There’s also the matter of broadband, which is sorely lacking in many rural areas, including my own. Craig Paull and Tom Kalin say they and three neighbors have just agreed to pay a total of $28,000 to bring cable to their stretch of country road, thus enabling them to live here full-time and work from home.

Despite this and other problems, however, there are strong reasons to think that the Democratic political gains will continue no matter what the course of the virus. Last year, two researchers reported in an article for the US Department of Agriculture that the decline in the US rural population had been reversing in rural areas “with attractive scenic qualities, or those near large cities.” Since 2011, the article said, “fewer people have been moving out of rural areas and more people have been moving in.”

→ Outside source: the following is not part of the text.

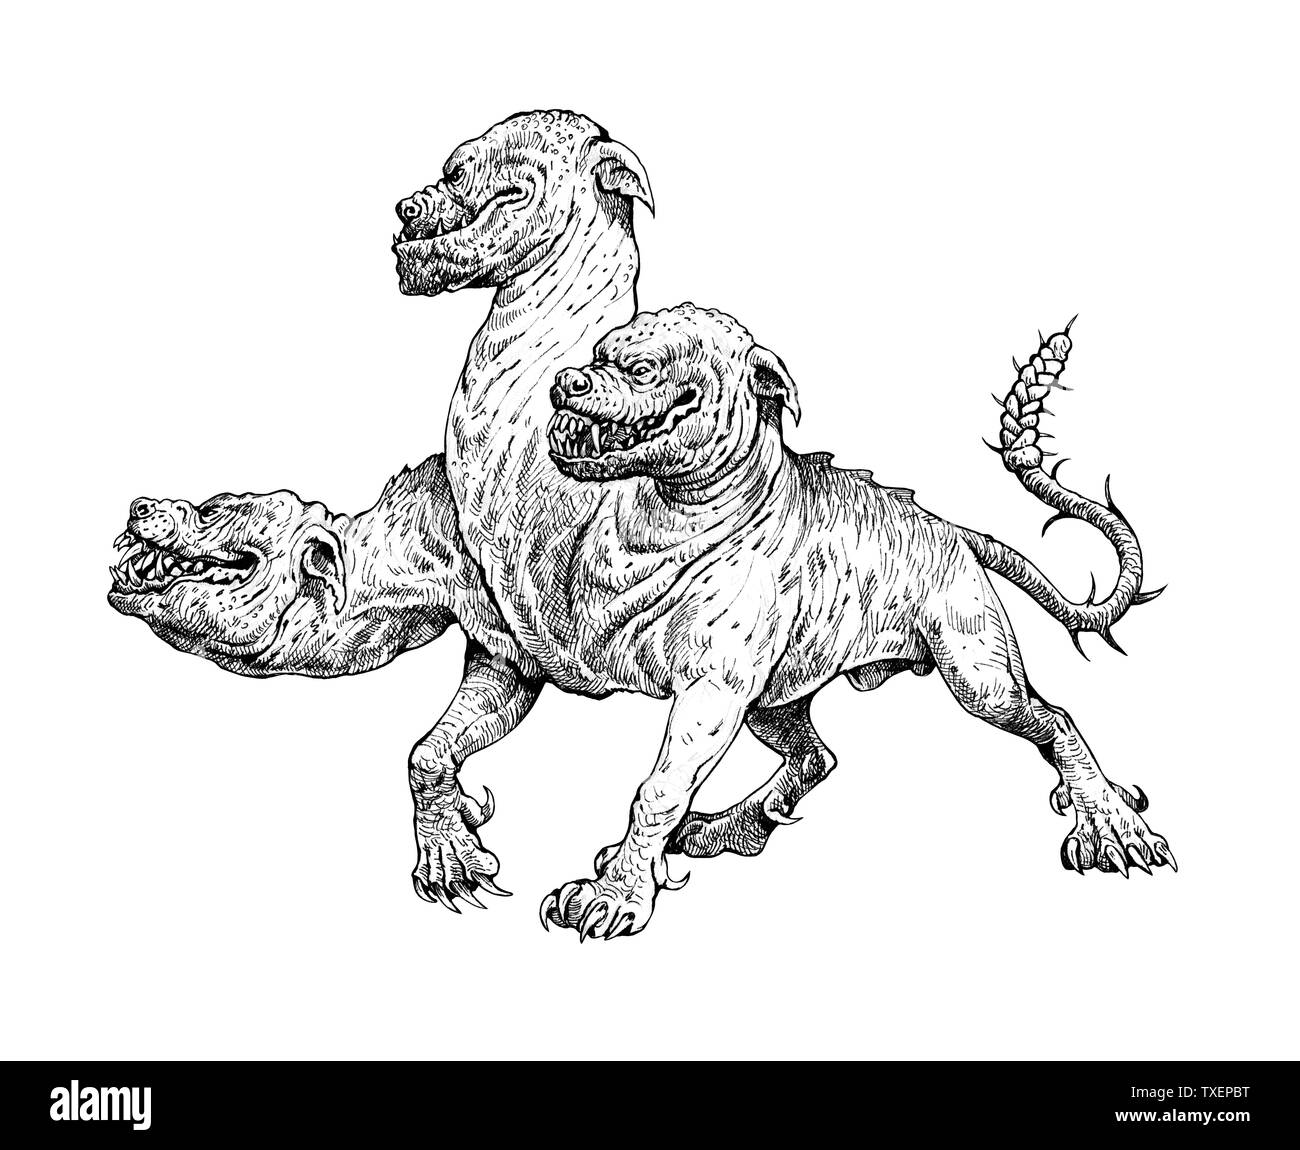 Multi vorangegangen Hund Cerberus Zeichnung. Hund der Hades. Der  griechischen Mythologie Abbildung Stockfotografie - Alamy

I’m certainly not saying that Greene County is going to turn blue overnight. But after living through several elections here, I’ve come to the conclusion that if the Democratic Party is going to start winning races in rural areas like mine, it’s not going to be because it can convince enough existing voters to change their allegiance. Rather, it will be the result of new voters who choose to be Democrats from the start.

Greene County, by all means, put out the welcome mat!